Сразу после отъезда Вернера атмосфера в доме как будто бы стала легче и прозрачнее.
Тем утром дети шумно резвились во дворе в резиновом надувном бассейне. Аня, сидя рядом на скамейке, с улыбкой наблюдала за ними. Вдруг она услышала шум подъезжающего авто. Анна повернула голову и увидела уже знакомую ей пожилую даму, которая открыла калитку и направилась к ним по узкой выстланной цветными камешками дорожке. Девушка машинально привстала. Дама протянула ей руку и представилась именем, которое не было для Ани новым.
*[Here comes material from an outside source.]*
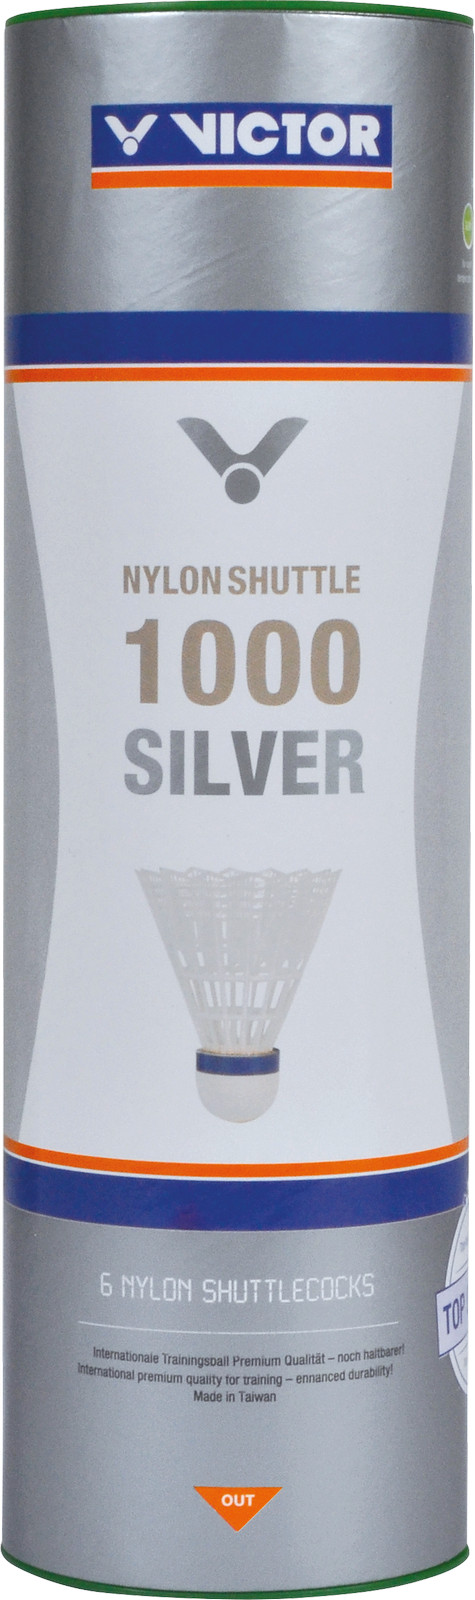 Victor Badmintonbälle Nylon Shuttle 1000 Silver 3er-Set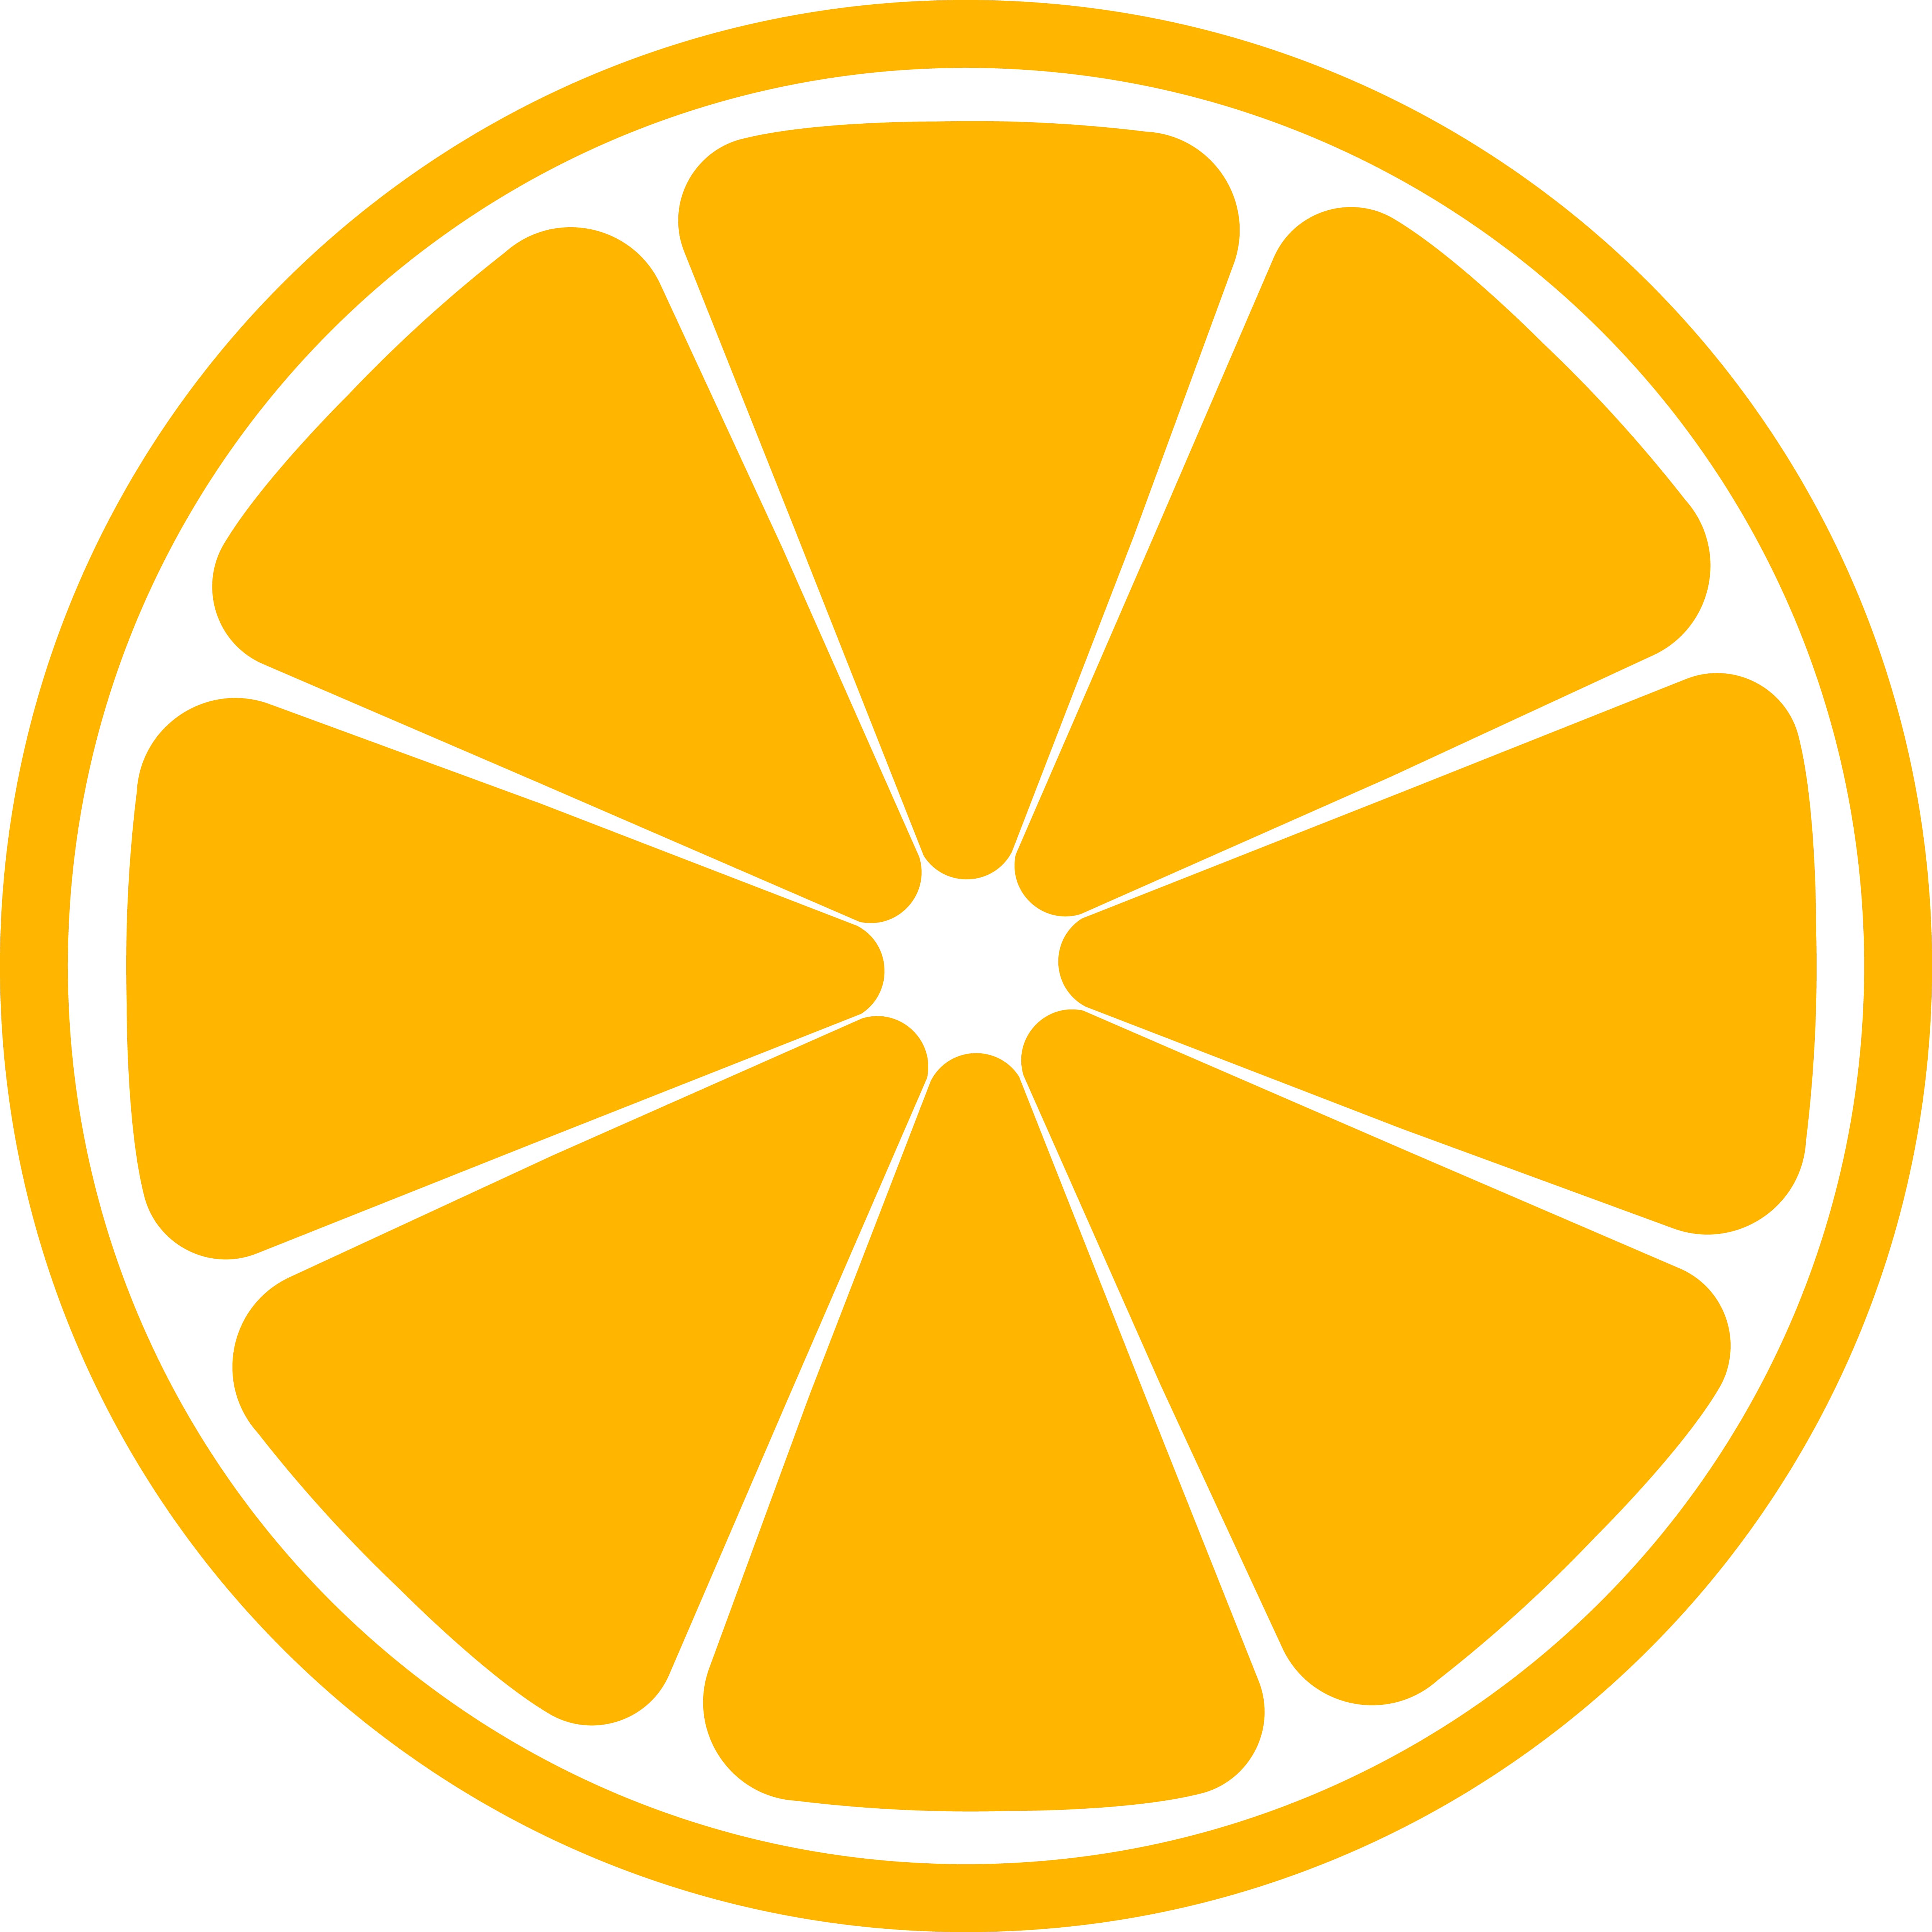 Образец раскрашенной картинки круглая долька апельсина

Рита Хоффман была рослой женщиной крепкого сложения с короткими, аккуратно уложенными в гладкое каре седыми волосами, среди которых еще встречались светло-русые пряди, упорно не желающие признавать свое поражение перед временем. Взгляд больших зеленых глаз с опущенными наружными уголками светился неуемной жизненной энергией и удивительно не соответствовал многочисленным морщинам на ее крупном лице. От Вернера Анна знала, что Рите семьдесят, но от всего облика этой женщины исходила такая мощная энергетика, что, казалось, она способна воспитать не только внуков, но и правнуков. Была в ее движениях и какая-то излишняя суетливость, плохо гармонировавшая со статью и почтенным возрастом. Казалось, ей просто необходимо совершать определенное количество телодвижений в минуту. Фрау Хоффман была одета в легкие светлые капри и оранжевую футболку. В руках она держала того же цвета трикотажную кофту, скорее из необходимости чем-то занять свои крепкие, совершенно нестарческие руки.
Извинившись перед Аней, Рита размашистым шагом направилась к детям, которые, сидя на резиновом бортике бассейна, болтали ногами в воде. Услышав голоса, они обернулись и уставились на бабушку. Рита подошла ближе и попыталась обнять их мокрые тельца. Кофта соскользнула на землю. Малыш Михаэль особенно не сопротивлялся, зато Моника резко вывернула плечико. «Папа сказал, что ты – злая старая ведьма», – вдруг объявила она. Женщина нервно засмеялась и ласково потормошила ее мокрые локоны. «С тех пор, как твоя мама улетела на небо, деточка, папа не всегда понимает, что говорит», – глухо произнесла Рита.
Затем она обернулась к застывшей Ане и спросила, сколько времени Вернер пробудет в Оттаве. Та, слегка удивленная ее осведомленностью, ответила, что три недели. «Я узнала о конгрессе от Хельги, подруги моей дочери. Она работает в одной клинике с Вернером», – пояснила Рита. Анна сразу же поняла, о ком идет речь. Именно от нее возвращались Ангелика с детьми тем роковым вечером.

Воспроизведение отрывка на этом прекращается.